Your answer should be the complete set of entries, transcribed exactly.

[MATERIAL PROVIDED — start]

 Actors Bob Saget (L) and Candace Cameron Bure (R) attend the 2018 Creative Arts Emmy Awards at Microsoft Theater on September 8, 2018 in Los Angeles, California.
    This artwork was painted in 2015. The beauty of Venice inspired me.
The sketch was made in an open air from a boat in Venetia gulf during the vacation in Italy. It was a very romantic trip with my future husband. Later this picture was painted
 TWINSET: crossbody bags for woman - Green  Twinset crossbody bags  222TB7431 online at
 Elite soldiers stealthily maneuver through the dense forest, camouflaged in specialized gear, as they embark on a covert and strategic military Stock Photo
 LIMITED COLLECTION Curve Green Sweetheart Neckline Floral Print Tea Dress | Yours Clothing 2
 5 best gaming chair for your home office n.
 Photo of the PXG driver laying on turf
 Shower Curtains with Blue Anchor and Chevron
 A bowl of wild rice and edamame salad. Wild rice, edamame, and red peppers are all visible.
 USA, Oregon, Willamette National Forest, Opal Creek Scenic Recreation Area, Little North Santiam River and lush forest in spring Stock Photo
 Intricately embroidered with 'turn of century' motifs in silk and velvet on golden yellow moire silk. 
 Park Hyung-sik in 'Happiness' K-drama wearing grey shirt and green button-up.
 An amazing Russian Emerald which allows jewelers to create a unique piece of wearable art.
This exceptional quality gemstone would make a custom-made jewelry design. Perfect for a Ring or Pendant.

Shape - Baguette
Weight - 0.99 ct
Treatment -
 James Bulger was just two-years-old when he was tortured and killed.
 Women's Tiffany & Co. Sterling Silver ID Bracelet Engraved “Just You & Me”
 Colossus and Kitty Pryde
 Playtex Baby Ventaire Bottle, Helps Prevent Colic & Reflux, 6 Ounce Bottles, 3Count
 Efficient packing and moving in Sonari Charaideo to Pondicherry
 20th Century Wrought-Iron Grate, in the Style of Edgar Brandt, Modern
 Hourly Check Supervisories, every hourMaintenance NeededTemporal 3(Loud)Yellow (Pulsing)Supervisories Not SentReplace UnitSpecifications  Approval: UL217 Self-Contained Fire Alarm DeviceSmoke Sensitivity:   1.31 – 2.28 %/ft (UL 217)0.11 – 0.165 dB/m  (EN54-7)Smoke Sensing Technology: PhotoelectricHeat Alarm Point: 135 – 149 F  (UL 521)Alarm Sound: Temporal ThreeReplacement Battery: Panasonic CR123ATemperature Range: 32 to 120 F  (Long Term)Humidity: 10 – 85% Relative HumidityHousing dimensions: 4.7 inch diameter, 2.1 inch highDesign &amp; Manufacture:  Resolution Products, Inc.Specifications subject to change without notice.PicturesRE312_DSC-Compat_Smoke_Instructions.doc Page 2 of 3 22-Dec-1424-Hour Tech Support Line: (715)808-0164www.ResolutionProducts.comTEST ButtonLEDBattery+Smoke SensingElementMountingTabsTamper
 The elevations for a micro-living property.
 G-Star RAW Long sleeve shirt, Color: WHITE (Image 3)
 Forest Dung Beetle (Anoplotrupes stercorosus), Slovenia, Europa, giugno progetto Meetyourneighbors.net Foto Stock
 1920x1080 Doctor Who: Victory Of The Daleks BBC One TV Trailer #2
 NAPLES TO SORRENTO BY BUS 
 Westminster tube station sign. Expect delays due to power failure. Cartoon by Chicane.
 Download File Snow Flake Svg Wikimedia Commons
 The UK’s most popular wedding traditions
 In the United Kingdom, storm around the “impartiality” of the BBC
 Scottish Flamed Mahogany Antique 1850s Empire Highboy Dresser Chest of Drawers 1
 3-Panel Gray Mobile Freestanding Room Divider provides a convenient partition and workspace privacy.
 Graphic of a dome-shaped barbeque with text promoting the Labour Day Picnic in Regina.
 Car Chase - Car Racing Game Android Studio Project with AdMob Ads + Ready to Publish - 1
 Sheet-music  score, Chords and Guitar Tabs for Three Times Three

[MATERIAL PROVIDED — finish]

OUTPUT:
 Actors Bob Saget (L) and Candace Cameron Bure (R) attend the 2018 Creative Arts Emmy Awards at Microsoft Theater on September 8, 2018 in Los Angeles, California.
    This artwork was painted in 2015. The beauty of Venice inspired me.
The sketch was made in an open air from a boat in Venetia gulf during the vacation in Italy. It was a very romantic trip with my future husband. Later this picture was painted
 TWINSET: crossbody bags for woman - Green  Twinset crossbody bags  222TB7431 online at
 Elite soldiers stealthily maneuver through the dense forest, camouflaged in specialized gear, as they embark on a covert and strategic military Stock Photo
 LIMITED COLLECTION Curve Green Sweetheart Neckline Floral Print Tea Dress | Yours Clothing 2
 5 best gaming chair for your home office n.
 Photo of the PXG driver laying on turf
 Shower Curtains with Blue Anchor and Chevron
 A bowl of wild rice and edamame salad. Wild rice, edamame, and red peppers are all visible.
 USA, Oregon, Willamette National Forest, Opal Creek Scenic Recreation Area, Little North Santiam River and lush forest in spring Stock Photo
 Intricately embroidered with 'turn of century' motifs in silk and velvet on golden yellow moire silk. 
 Park Hyung-sik in 'Happiness' K-drama wearing grey shirt and green button-up.
 An amazing Russian Emerald which allows jewelers to create a unique piece of wearable art.
This exceptional quality gemstone would make a custom-made jewelry design. Perfect for a Ring or Pendant.

Shape - Baguette
Weight - 0.99 ct
Treatment -
 James Bulger was just two-years-old when he was tortured and killed.
 Women's Tiffany & Co. Sterling Silver ID Bracelet Engraved “Just You & Me”
 Colossus and Kitty Pryde
 Playtex Baby Ventaire Bottle, Helps Prevent Colic & Reflux, 6 Ounce Bottles, 3Count
 Efficient packing and moving in Sonari Charaideo to Pondicherry
 20th Century Wrought-Iron Grate, in the Style of Edgar Brandt, Modern
 Hourly Check Supervisories, every hourMaintenance NeededTemporal 3(Loud)Yellow (Pulsing)Supervisories Not SentReplace UnitSpecifications  Approval: UL217 Self-Contained Fire Alarm DeviceSmoke Sensitivity:   1.31 – 2.28 %/ft (UL 217)0.11 – 0.165 dB/m  (EN54-7)Smoke Sensing Technology: PhotoelectricHeat Alarm Point: 135 – 149 F  (UL 521)Alarm Sound: Temporal ThreeReplacement Battery: Panasonic CR123ATemperature Range: 32 to 120 F  (Long Term)Humidity: 10 – 85% Relative HumidityHousing dimensions: 4.7 inch diameter, 2.1 inch highDesign &amp; Manufacture:  Resolution Products, Inc.Specifications subject to change without notice.PicturesRE312_DSC-Compat_Smoke_Instructions.doc Page 2 of 3 22-Dec-1424-Hour Tech Support Line: (715)808-0164www.ResolutionProducts.comTEST ButtonLEDBattery+Smoke SensingElementMountingTabsTamper
 The elevations for a micro-living property.
 G-Star RAW Long sleeve shirt, Color: WHITE (Image 3)
 Forest Dung Beetle (Anoplotrupes stercorosus), Slovenia, Europa, giugno progetto Meetyourneighbors.net Foto Stock
 1920x1080 Doctor Who: Victory Of The Daleks BBC One TV Trailer #2
 NAPLES TO SORRENTO BY BUS 
 Westminster tube station sign. Expect delays due to power failure. Cartoon by Chicane.
 Download File Snow Flake Svg Wikimedia Commons
 The UK’s most popular wedding traditions
 In the United Kingdom, storm around the “impartiality” of the BBC
 Scottish Flamed Mahogany Antique 1850s Empire Highboy Dresser Chest of Drawers 1
 3-Panel Gray Mobile Freestanding Room Divider provides a convenient partition and workspace privacy.
 Graphic of a dome-shaped barbeque with text promoting the Labour Day Picnic in Regina.
 Car Chase - Car Racing Game Android Studio Project with AdMob Ads + Ready to Publish - 1
 Sheet-music  score, Chords and Guitar Tabs for Three Times Three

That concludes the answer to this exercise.